Changes our first error upon running smoke_test.sh to:

psql:smoke_test.sql:1: ERROR:  could not find function "tutorial_fdw_handler" in file "/usr/local/lib/postgresql/tutorial_fdw.so"

So we will need to implement the function we told postgres would exist.

--- a/tutorial_fdw.c
+++ b/tutorial_fdw.c
@@ -1,3 +1,14 @@
 #include "postgres.h"
 #include "fmgr.h"
+#include "foreign/fdwapi.h"
+Datum tutorial_fdw_handler(PG_FUNCTION_ARGS);
+PG_FUNCTION_INFO_V1(tutorial_fdw_handler);
+
+Datum
+tutorial_fdw_handler(PG_FUNCTION_ARGS)
+{
+        FdwRoutine *fdwroutine = makeNode(FdwRoutine);
+        PG_RETURN_POINTER(fdwroutine);
+}
+
 PG_MODULE_MAGIC;

This is an extension function that is callable from SQL, so it has a particular
calling convention it needs to follow. We use preprocessor macros to declare
its arguments, generate its return value and expose it in our shared library.
You can read about these calling
conventions
and
how to work with them further. For the purposes of a foreign data wrapper, we
have a parameter-less function that always returns a pointer to a struct
FdwRoutine
.

When we run our smoke_test.sh now, you will see that our client gets a closed
connection error and the postgres server logs that the child process died with
a segmentation fault. Our implementation returned a pointer to a newly
allocated and zeroed FdwRoutine struct, but that struct is meant to contain
function pointers to our implementation. Our handler function did not populate
any. A small number of the function pointers are necessary, but most are
optional.

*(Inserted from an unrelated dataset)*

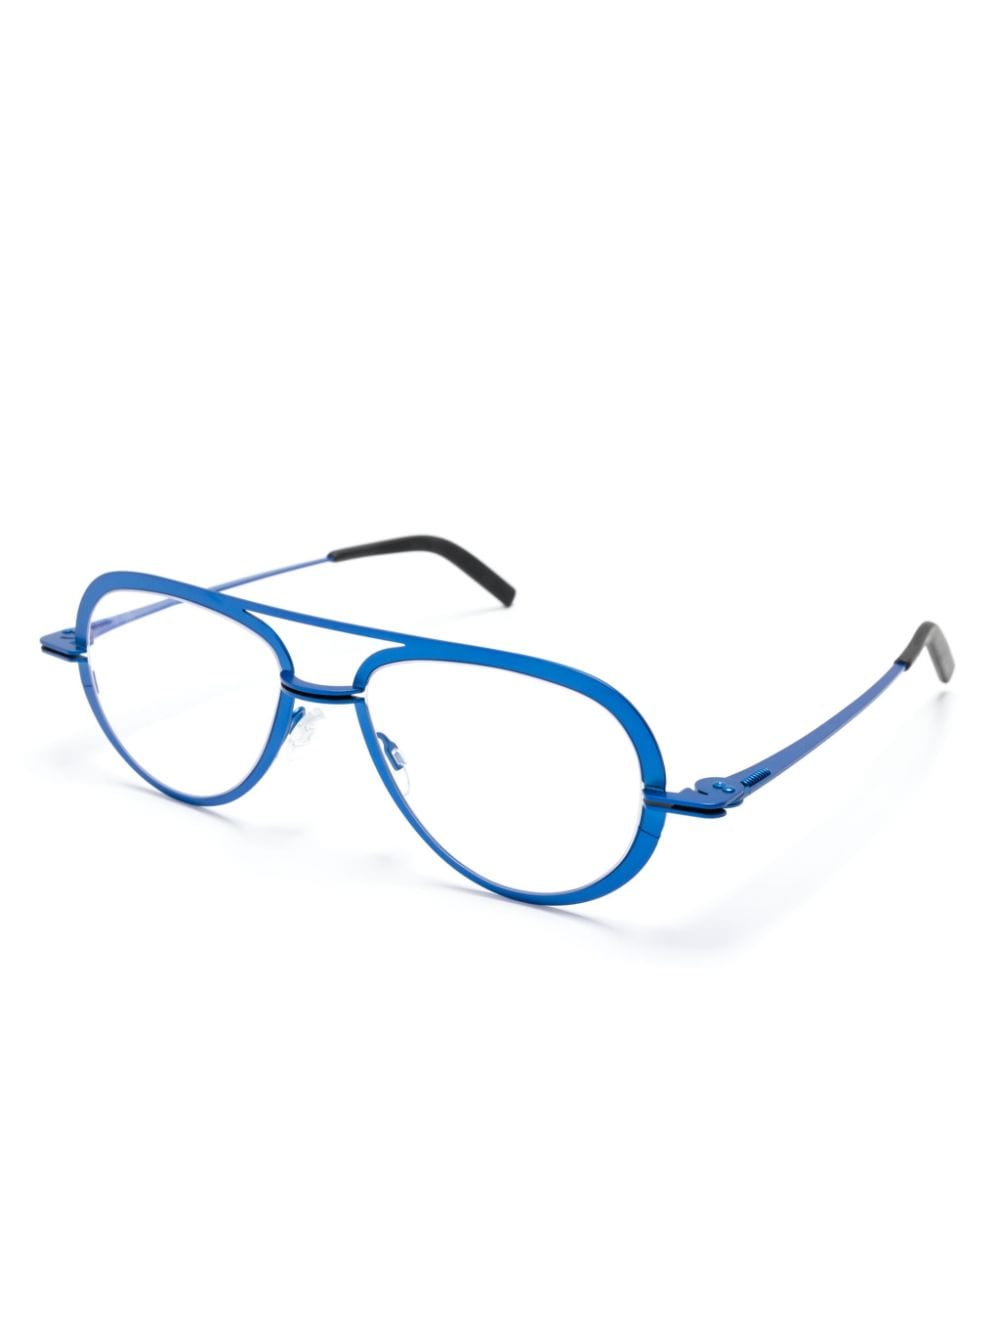 Theo Eyewear Crispy bril met piloten montuur - Blauw

You can find documentation on the
members
and see the
definition of the
struct
.

For now, let’s populate the necessary members with some stubs.

--- a/tutorial_fdw.c
+++ b/tutorial_fdw.c
@@ -4,11 +4,51 @@
 Datum tutorial_fdw_handler(PG_FUNCTION_ARGS);
 PG_FUNCTION_INFO_V1(tutorial_fdw_handler);
 
+void tutorial_fdw_GetForeignRelSize(PlannerInfo *root, RelOptInfo *baserel, Oid foreigntableid);
+void tutorial_fdw_GetForeignPaths(PlannerInfo *root, RelOptInfo *baserel, Oid foreigntableid);
+ForeignScan *tutorial_fdw_GetForeignPlan(PlannerInfo *root, RelOptInfo *baserel, Oid foreigntableid,
+    ForeignPath *best_path, List *tlist, List *scan_clauses, Plan *outer_plan);
+void tutorial_fdw_BeginForeignScan(ForeignScanState *node, int eflags);
+TupleTableSlot *tutorial_fdw_IterateForeignScan(ForeignScanState *node);
+void tutorial_fdw_ReScanForeignScan(ForeignScanState *node);
+void tutorial_fdw_EndForeignScan(ForeignScanState *node);
+
 Datum
 tutorial_fdw_handler(PG_FUNCTION_ARGS)
 {
         FdwRoutine *fdwroutine = makeNode(FdwRoutine);
+        fdwroutine->GetForeignRelSize = tutorial_fdw_GetForeignRelSize;
+        fdwroutine->GetForeignPaths = tutorial_fdw_GetForeignPaths;
+        fdwroutine->GetForeignPlan = tutorial_fdw_GetForeignPlan;
+        fdwroutine->BeginForeignScan = tutorial_fdw_BeginForeignScan;
+        fdwroutine->IterateForeignScan = tutorial_fdw_IterateForeignScan;
+        fdwroutine->ReScanForeignScan = tutorial_fdw_ReScanForeignScan;
+        fdwroutine->EndForeignScan = tutorial_fdw_EndForeignScan;
         PG_RETURN_POINTER(fdwroutine);
 }
 
+void tutorial_fdw_GetForeignRelSize(PlannerInfo *root, RelOptInfo *baserel, Oid foreigntableid) {
+}
+
+void tutorial_fdw_GetForeignPaths(PlannerInfo *root, RelOptInfo *baserel, Oid foreigntableid) {
+}
+
+ForeignScan *tutorial_fdw_GetForeignPlan(PlannerInfo *root, RelOptInfo *baserel, Oid foreigntableid,
+    ForeignPath *best_path, List *tlist, List *scan_clauses, Plan *outer_plan) {
+        return NULL;
+}
+
+void tutorial_fdw_BeginForeignScan(ForeignScanState *node, int eflags) {
+}
+
+TupleTableSlot *tutorial_fdw_IterateForeignScan(ForeignScanState *node) {
+        return NULL;
+}
+
+void tutorial_fdw_ReScanForeignScan(ForeignScanState *node) {
+}
+
+void tutorial_fdw_EndForeignScan(ForeignScanState *node) {
+}
+

Our stubs all do absolutely nothing and, when they have to return a pointer, return NULL. Now if we run smoke_test, we get:

ERROR:  could not devise a query plan for the given query

It’s time to flesh out the implementation and actually participate in query
planning.

Postgres documentation describes the path of a
query
. After a query has
been parsed and rewritten, our FDW will participate in planning and optimizing
to come up with a final query plan that can be executed. The postgres query
planner is going to call GetForeignRelSize, GetForeignPaths and
GetForeignPlan, in that order, for each table access in a query. The purpose
is as follows:

  • GetForeignRelSize — update baserel->rows, and possibly baserel->width and baserel->tuples, with an estimated result set size for a scan of baserel, accounting for the filtering done by restriction qualifiers. Planning can proceed without an accurate implementation here, but the potential for misoptimizations is high.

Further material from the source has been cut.